= SoxC group =

SoxC group is group C of Sry-related HMG box proteins transcription factors. SoxC genes play an important role in determining the cell fate of neuronal mesenchymal progenitor cells in many developmental processes.

In Drosophila melanogaster (fly), Caenorhabditis elegans (worm), and other invertebrates SoxC is made up of only one member, but humans, mice and most other vertebrates have three members of the SoxC group. The three are Sox4, Sox11, and Sox12. These three are extremely similar to one another, more so than other proteins, but they are all highly distinct in the way that they bind DNA and active transcription in vitro with different affinity. The three found in humans and other vertebrates are single-exon genes. The SoxC proteins have 2 domains, the first an Sry-related HMG box DNA binding domain that is located near the N-terminal and the second a trans-activation domain, known as TAD, located near the C-terminal. Although these are transcription factors, to this date there is no evidence of post-translational modifications on SoxC members, but they can work cooperatively with other proteins though, such as transcription factors Brn2 and Brn1.

All of the SoxC proteins share 67% identity and 94% similarity in the 33 residues of the C-terminal domain. All SoxC genes show 84% identity and 95% similarity to one another in the HMG box, which is just slightly more highly conserved than the C-terminal domain. The SoxC proteins only have between 45% and 67% identity to Sry and the other Sox proteins. The SoxC genes found in the Drosophila melanogaster (fly), Caenorhabditis elegans (worm), and other lower animals are closely linked to those found in humans and other vertebrates. The SoxC genes are highly conserved through vertebrate evolution and are similar enough to those in invertebrates and other lower animal species to speculate that these are based on an evolutionary necessity from before vertebrates and invertebrates separated through evolution.

If these SoxC proteins were missing during developmental stages it would cause widespread problems through the body of mice, and in many cases death. These have not been studied in humans though, because no occurrences have been linked to congenital malformations of any of these proteins. In mice however, mice embryos without Sox4 die of heart defects, but mice newborns without Sox11 do live but have widespread defects. Mice without Sox12 are viable and show no outward signs of malformation. Some of the common human malformations are also seen in mice with mutated SoxC, such as cleft palate or heart outflow tract malformation.
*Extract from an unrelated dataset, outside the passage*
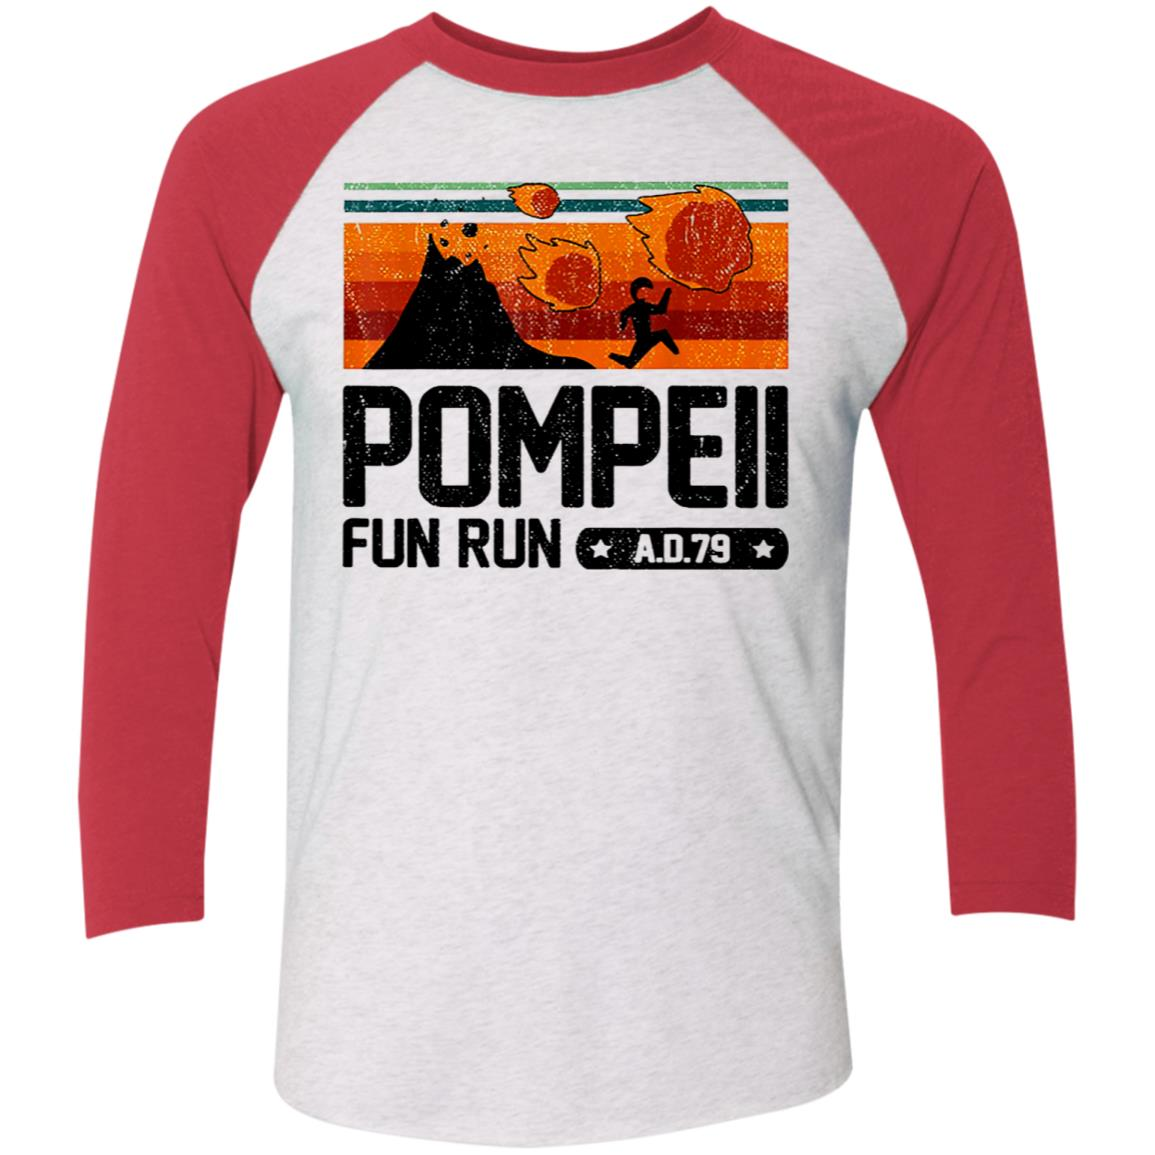 Pompeii Fun Run 79 AD Retro Vintage T-Shirt Men/'s Cotton Shirts Short Sleeve Tee

There is no evidence of the correlation between SoxC mutations in humans and these malformations, but there is speculation.

Sox4 facilitates differentiation of lymphocytes, osteoblasts, pancreatic beta cells and along with Sox11 promotes neural differentiation. In recent years, the belief has raised that SoxC genes may lead to tumor prognosis at elevated levels. Increased expression of Sox11 and Sox4 are seen in numerous tumors and cancers and it is possible that the tumors differ depending on the circumstance and primary transformation mechanism.